Published online by Cambridge University Press: 22 September 2009
In the light of the ultimate, everything penultimate is brought into question and submerged in the 'sphere of relativity'.
(H. Zahrnt)ESCHATOLOGY AND THE CRITICAL METHOD
The liberal synthesis, which effectively merged the ancient and modern horizons of the text by its appeal to permanently valid principles and ideals, proved remarkably durable. The idealist tradition, which could claim an ancestry reaching back to Plato himself, had been firmly grounded in the work of Kant, and enhanced by the comprehensiveness of Hegel's system. The intellectual ferment of the nineteenth century was produced by, and largely contained within, this dominant world view: a feat all the more remarkable in view of the variety and complexity of the intellectual endeavours. As the twentieth century dawned, newer approaches rooted in the same Western intellectual tradition tended to disjoin ancient and modern horizons through their insistence that a given text be related closely to its historical milieu. When apocalyptic eschatology was pinpointed as the dominant feature of the world of Jesus, the disjunction was virtually inevitable, and the consequences for theology far-reaching.

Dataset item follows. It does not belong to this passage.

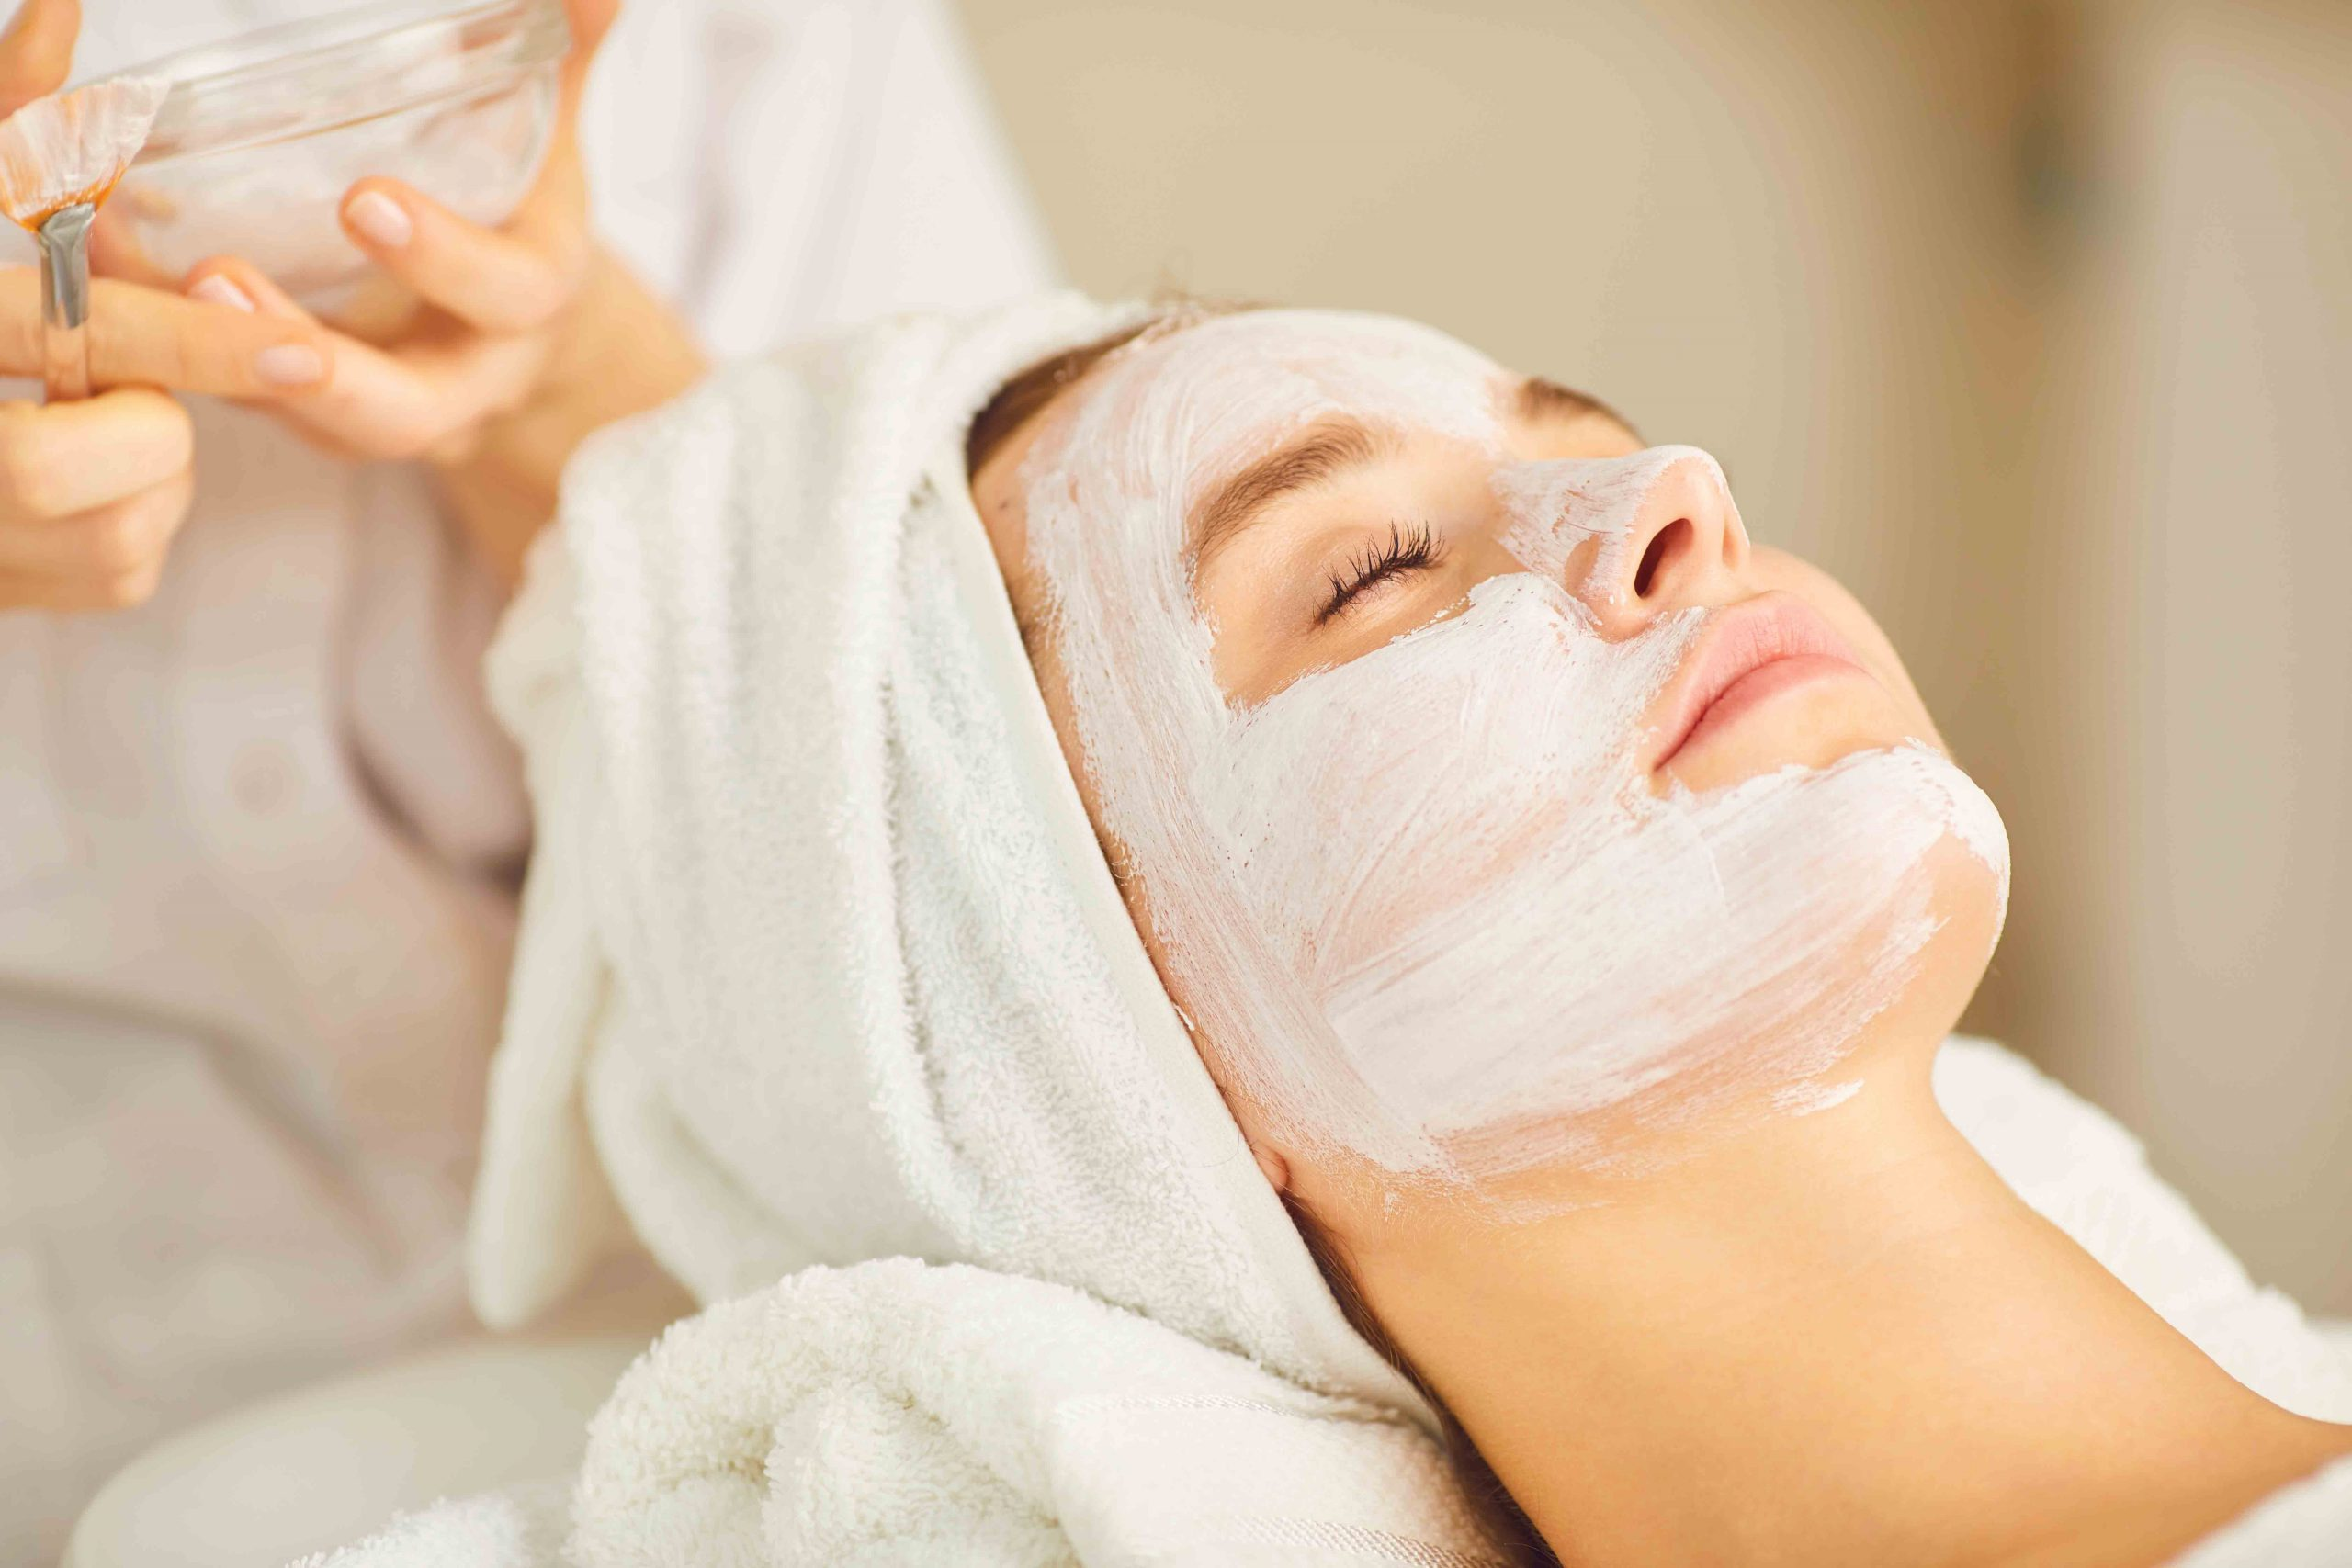 Frau erhält ein Gesichts-Peeling / Peeling / Dr. Zierhofer-Tonar, 1010 Wien

To be sure, eschatology – Jewish and Christian – was open to a variety of interpretations, in the ancient as in the modern world. Eschatology literally denotes discourse about the end of time, and apocalyptic eschatology is concerned with visions of the end. For some ancients apocalypticism was dominant, with its attendant sense of urgency and imminent judgment, its stimulus to repentance and its sanctions of reward and penalty.